For nearly six decades, a ship like no other has been sailing and conducting research in the Pacific. Is about FLIP, acronym in English FLoating Instrument Platform or Floating Instrument Platform, a name that is also a nod to what distinguished it from any other vessel. FLIP was a ship capable of both navigating normally, in a horizontal position, and operate in a perpendicular position in the sea and with most of its 108 meter length submerged.
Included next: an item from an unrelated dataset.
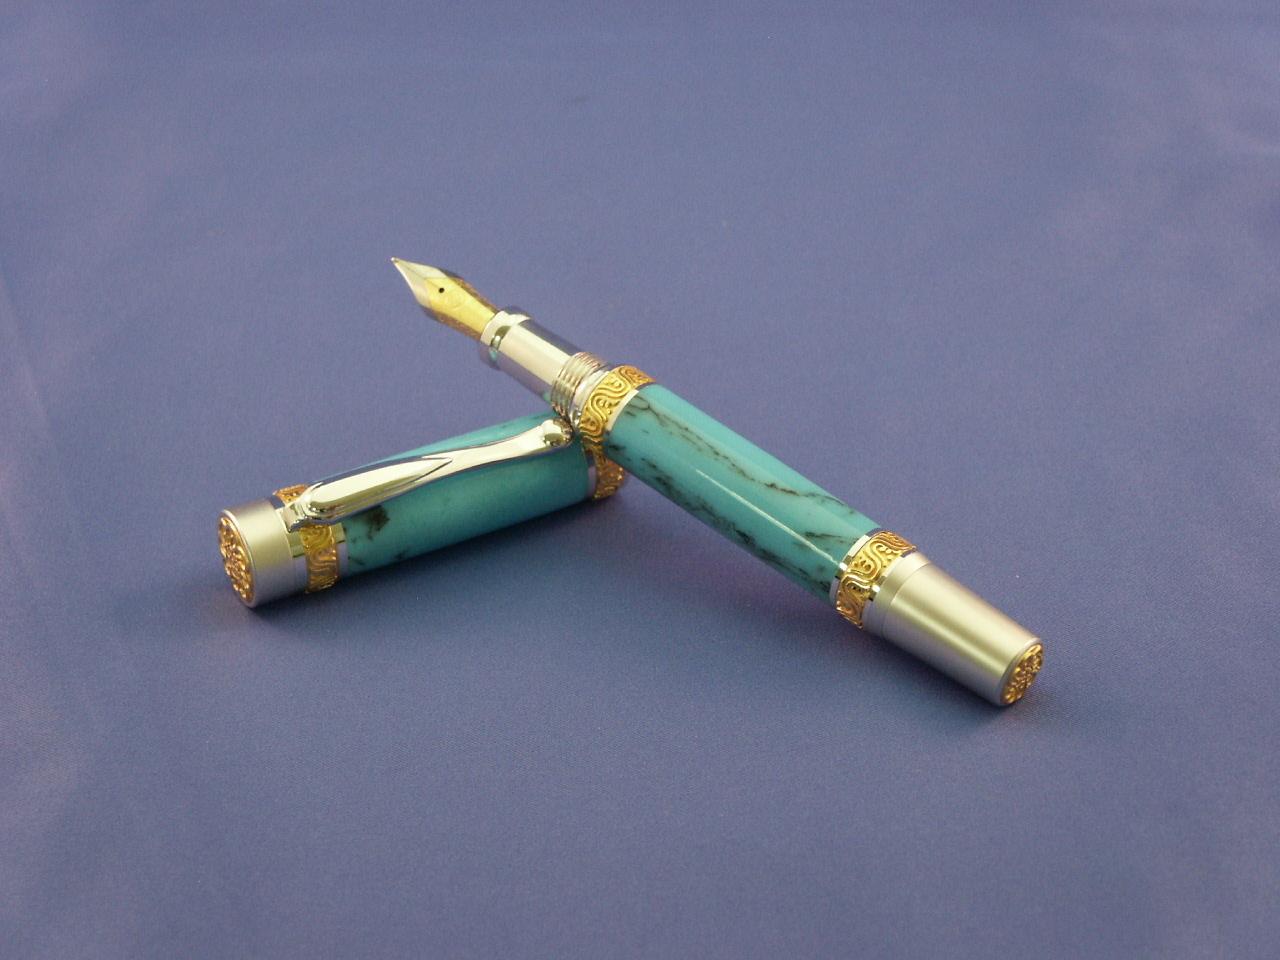 Turquoise Fountain Pen

FLIP, although it sailed, was not so much a ship as a floating ocean research platform that operated between 1962 and 2021 and was dismantled in 2023. It lacked engines to propel itself and was designed to be towed at sea in a horizontal positionlike any ship, and once it reached its destination It was partially flooded and turned 90 degrees. The operation, which was carried out with the crew and scientists on board, lasted a few 20 minutes.
Property of the Office of Naval Researcha branch of technological research and development under the United States Navyand operated by Scripps Institution of Oceanography, this floating structure was conceived to contribute to underwater research as part of the SUBROC submarine program. Initially, submarines and ships were used for these tasks, but stability problems caused by wave action caused errors and inaccuracies in the data they collected.
The researchers of Scripps Marine Physics Laboratory They looked for an alternative under two fundamental premises: it had to reach the maximum possible depth for data collection and offer a minimum level of disturbance caused by waves, currents and tides. This is how FLIP was born, as a combination of boat and SPAR structure. This is a type of floating structure used in the oil and gas industry for offshore extraction and offers great stability.
FLIP had shape similar to a spoonwith just the bow, of something more than 15 meterswith the traditional shape of a boat while the rest was a tubular structure of about 93 meters that was submerged when it turned over. The interior of the FLIP also had an equally particular design. Each room had two doors to be able to enter and exit in both the horizontal and vertical positions, the instruments They were located so that they could be operated in the latter position and had sinks in both orientations.
To carry out the turning, he filled his tanks with 700 tons of water which was then expelled by pumping air through compressors located in the bow and thus regaining horizontality.
Its first flip was carried out on July 23, 1962 in a fjord in Washington state. After demonstrating her performance in a series of tests, she was towed to San Diego to begin operations in September 1962. The platform It spent much of its service life in the Pacific, although it also had a deployment in the Atlantic.
FLIP was used for almost 60 years to collect observations and data on oceanic and atmospheric phenomena. One of his specialties was acoustic research and helped discover many of the ways that sound waves are influenced by variations in the ocean, such as changes in temperature or salinity. It also helped scientists learn about the depth to which whales dive and the properties of the Earth’s crust and conduct studies on waves, ocean water chemistry, temperatures and pressures, underwater topology, bathymetric studies, underwater magnetometry and electrostatics, and meteorological.
FLIP fell victim to cuts of government spending in the wake of the pandemic and the resulting global economic downturn in 2021. ‘It would cost about $8 million to make FLIP usable for another five to ten years, but those funds could be better used elsewhere. We came up with a lot of creative ideas, but there wasn’t enough inertia or financing to keep it going‘, he pointed Rob Sparrocka program officer with the U.S. Navy’s Office of Naval Research, in 2021 to Sea Power Magazine.
When the FLIP made its last trip in 2023 to be dismantled, Margaret Leinendirector of Oceanography at Scripps, stated that ‘It was an engineering marvel. built during a major phase of new technology for ocean exploration after World War II. FLIP’s many discoveries helped to lay the foundation for ongoing cutting-edge science to understand our ocean‘.